**Task**
In the entries that follow, the first line to write out is the one containing "Du khách tham", and the last is the one containing "Laptop Chromebook 2". Reproduce that stretch exactly, with nothing before or after it.

**Data in this exercise**
◆ ◆ ◆ ◆ ◆

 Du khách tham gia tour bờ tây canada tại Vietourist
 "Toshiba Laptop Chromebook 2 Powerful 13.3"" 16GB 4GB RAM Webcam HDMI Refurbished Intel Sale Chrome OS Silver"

◆ ◆ ◆ ◆ ◆

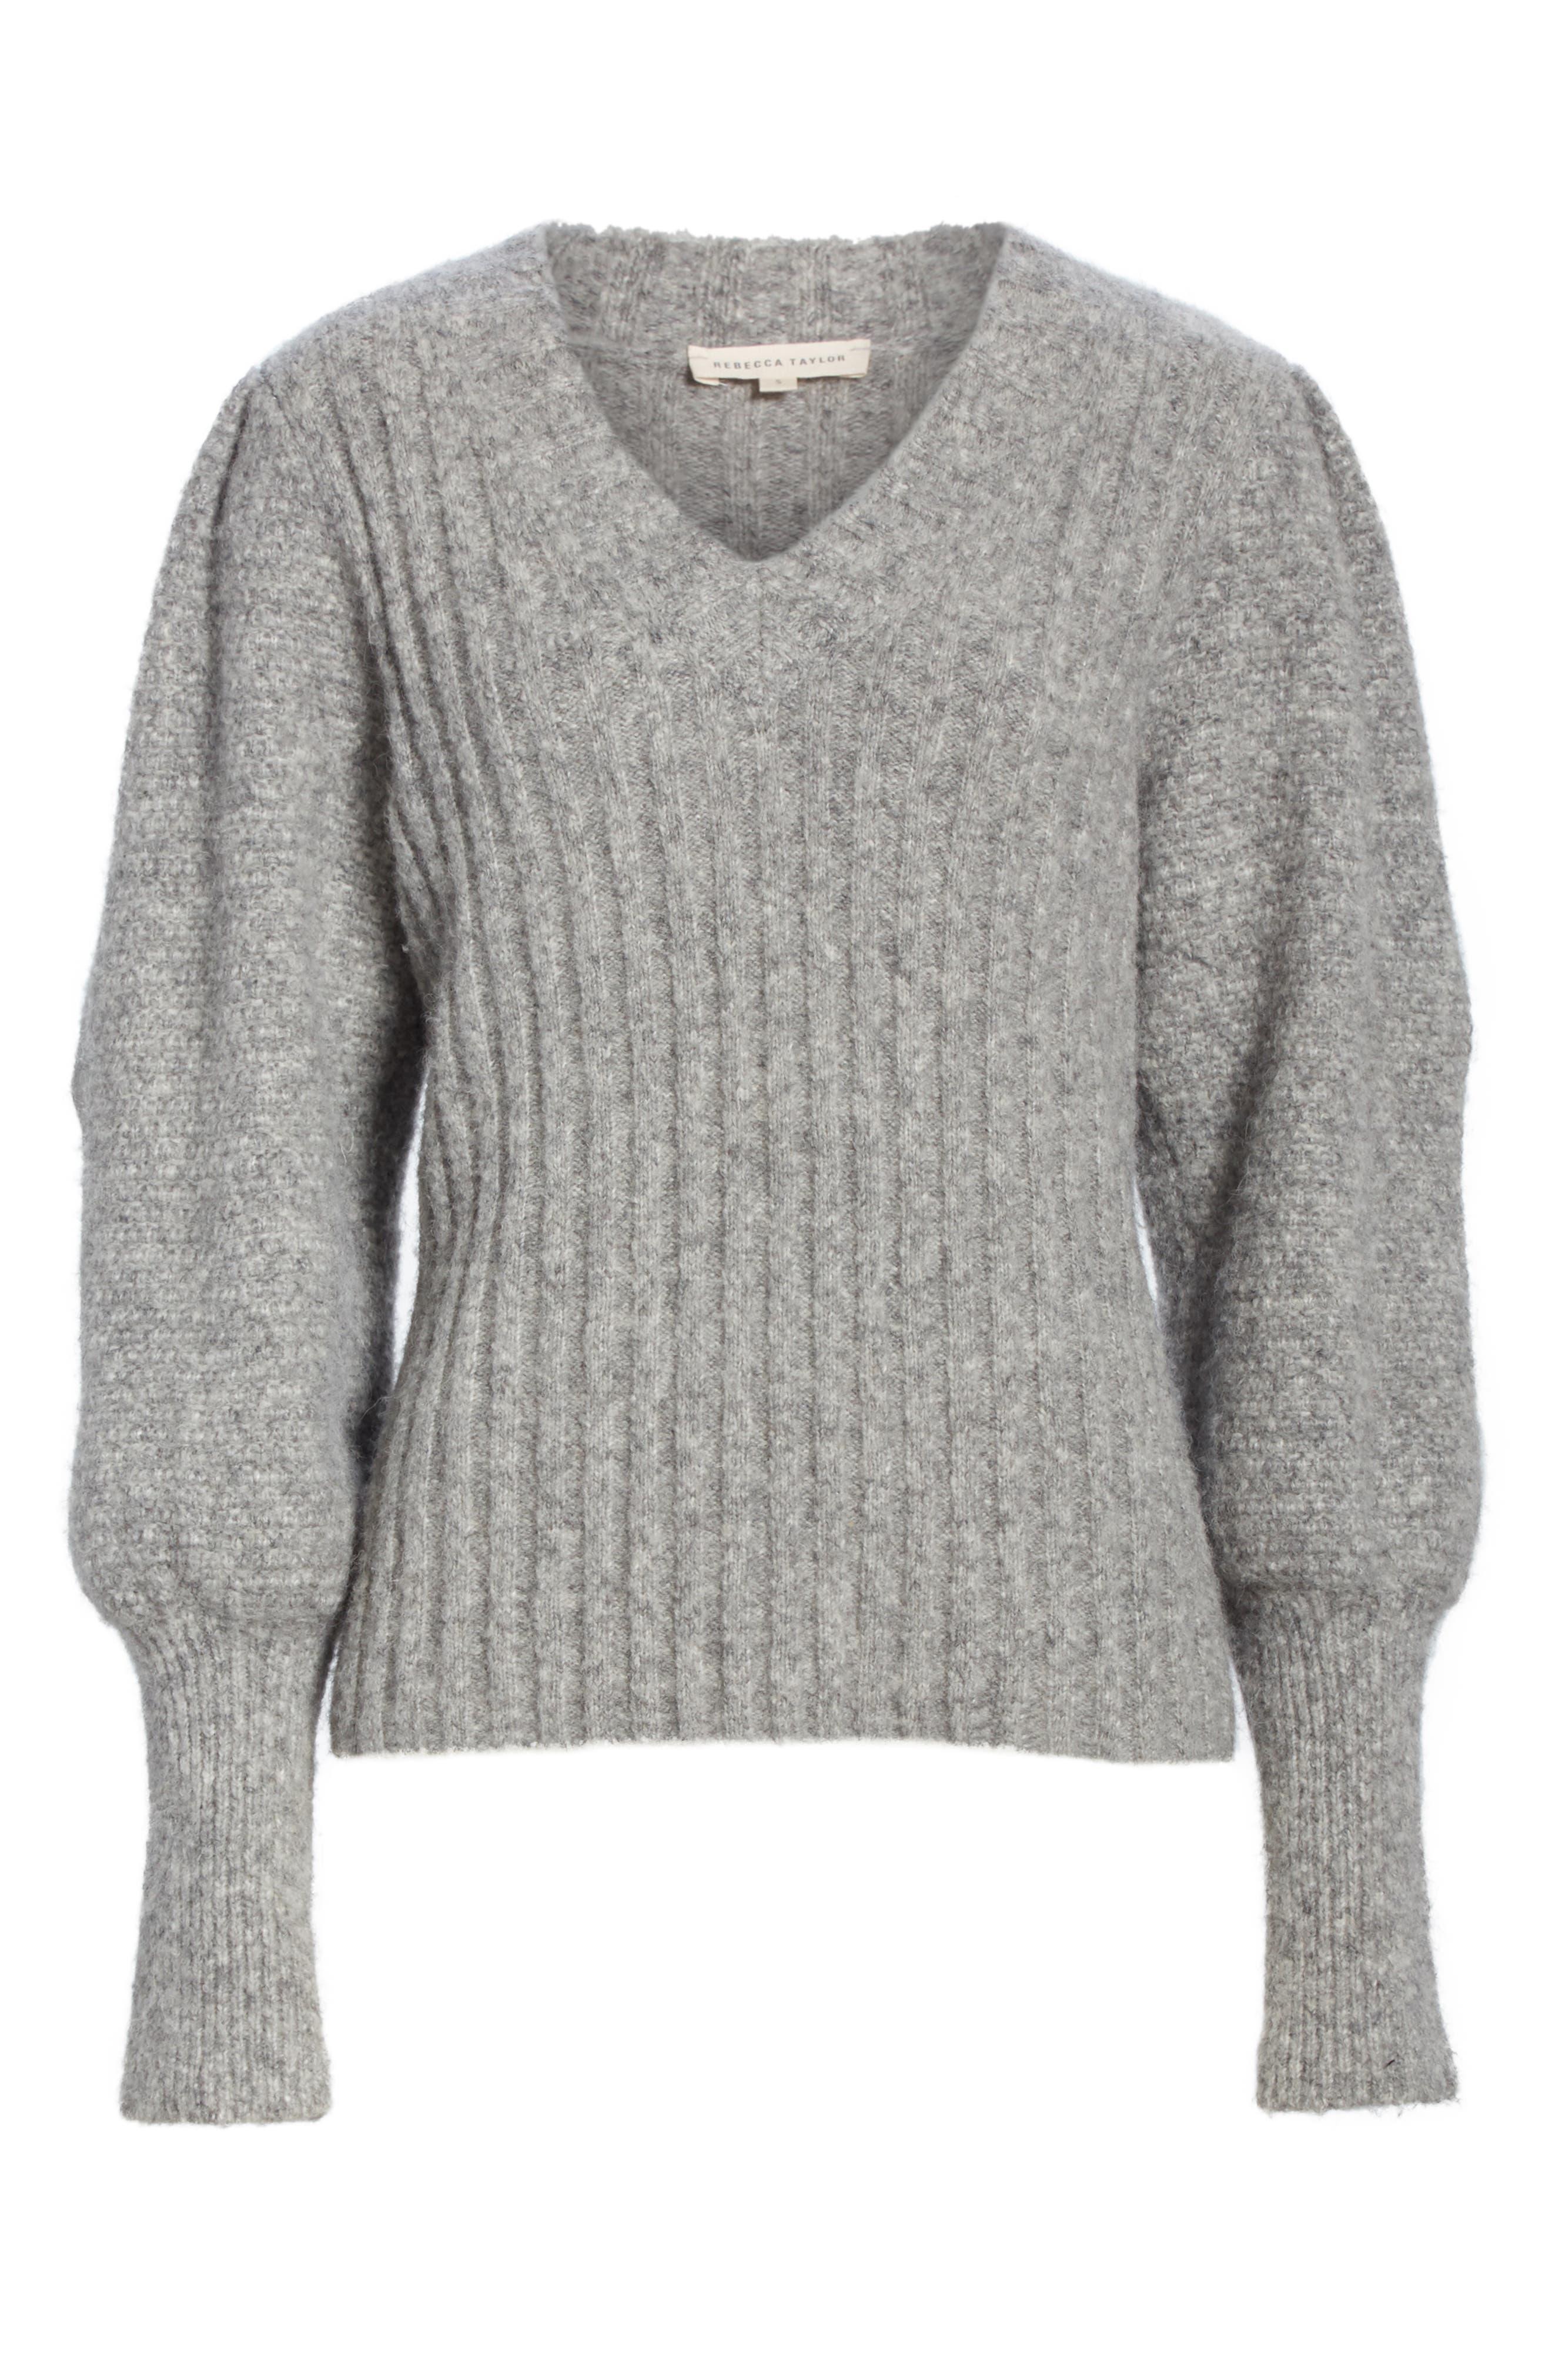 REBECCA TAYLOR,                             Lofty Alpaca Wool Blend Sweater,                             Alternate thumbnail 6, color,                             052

◆ ◆ ◆ ◆ ◆

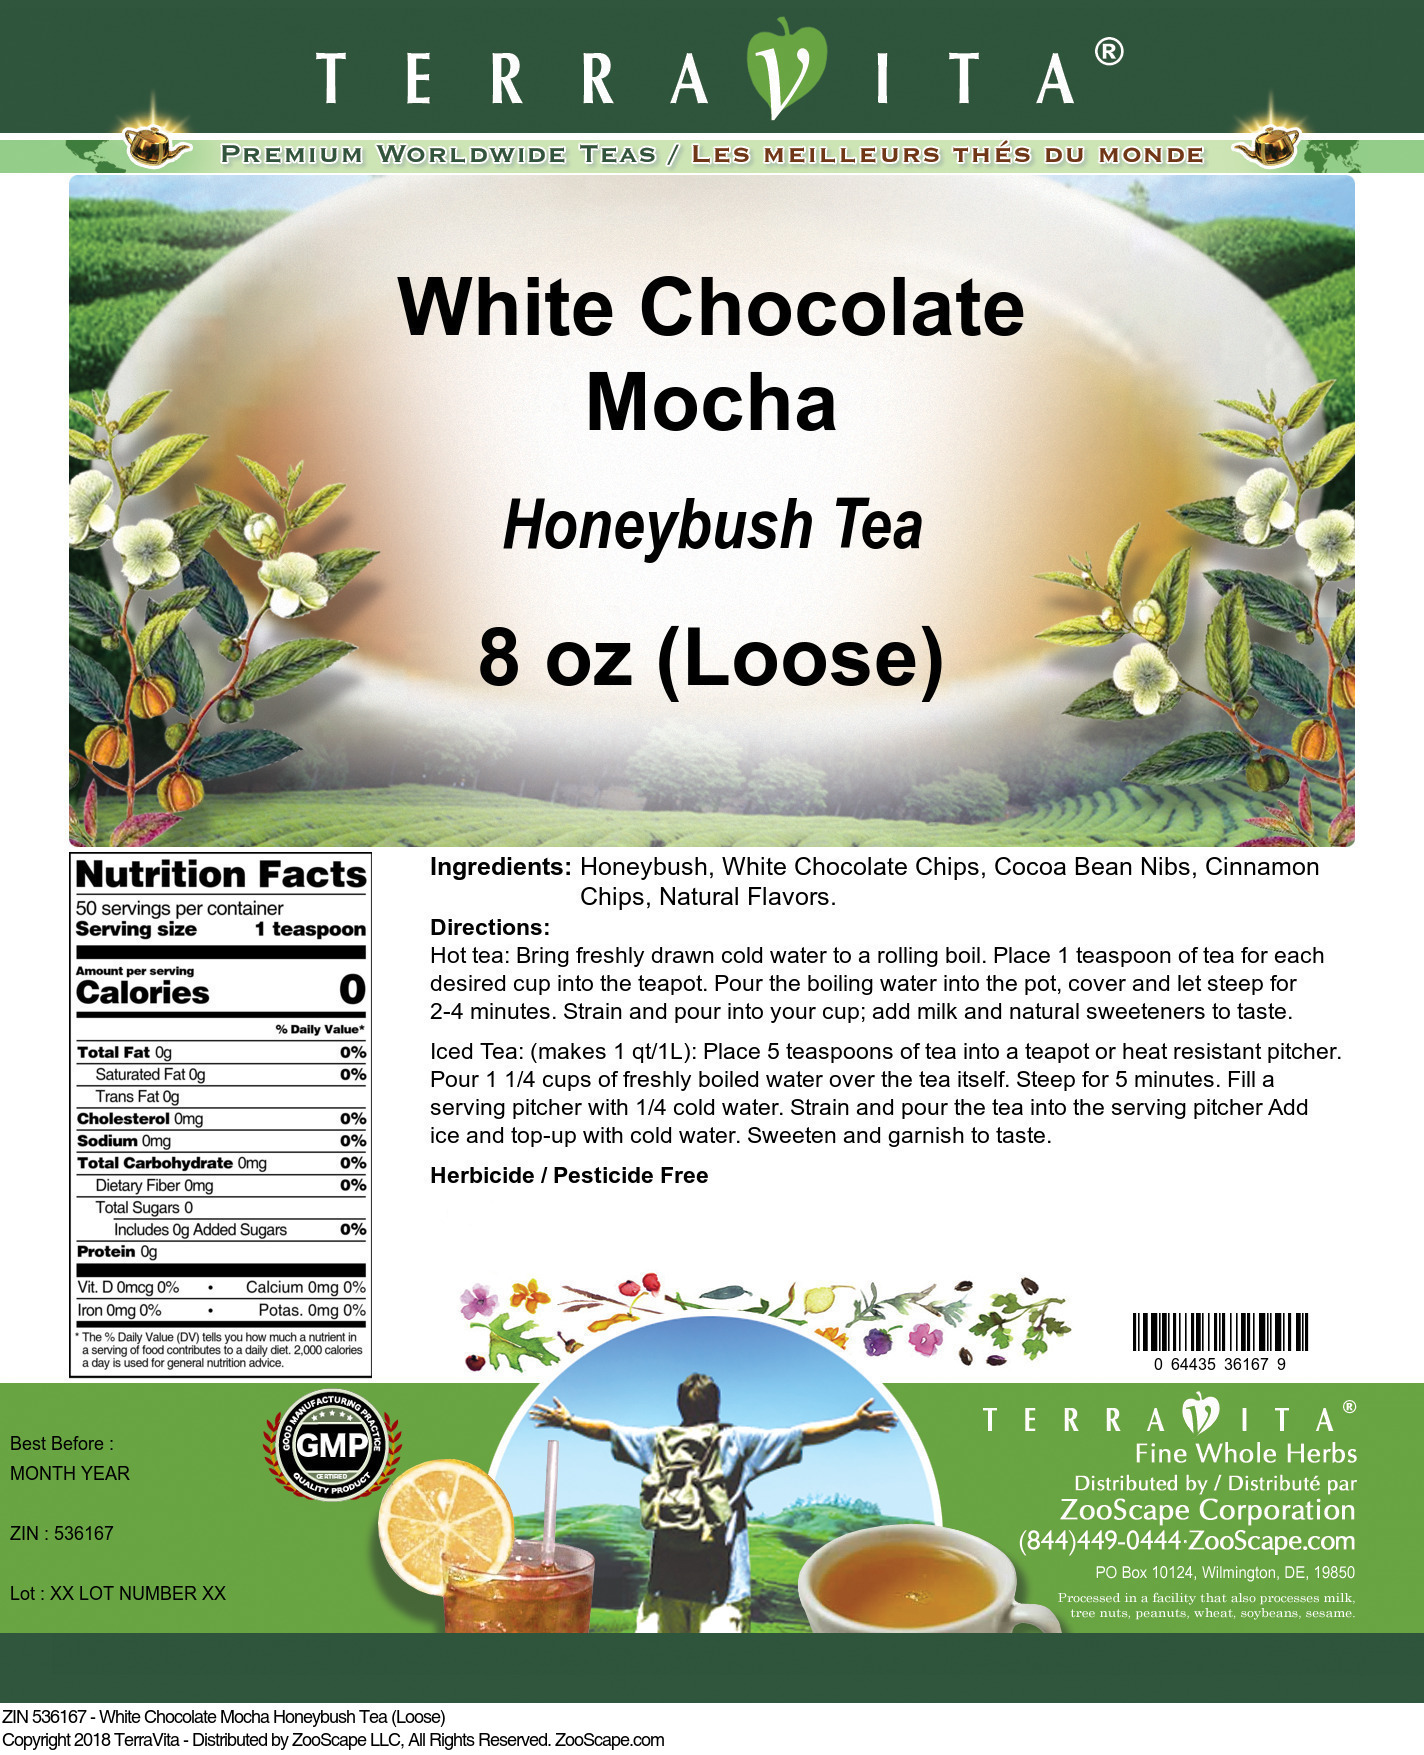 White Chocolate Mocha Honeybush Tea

◆ ◆ ◆ ◆ ◆

**Your response**
 Du khách tham gia tour bờ tây canada tại Vietourist
 "Toshiba Laptop Chromebook 2 Powerful 13.3"" 16GB 4GB RAM Webcam HDMI Refurbished Intel Sale Chrome OS Silver"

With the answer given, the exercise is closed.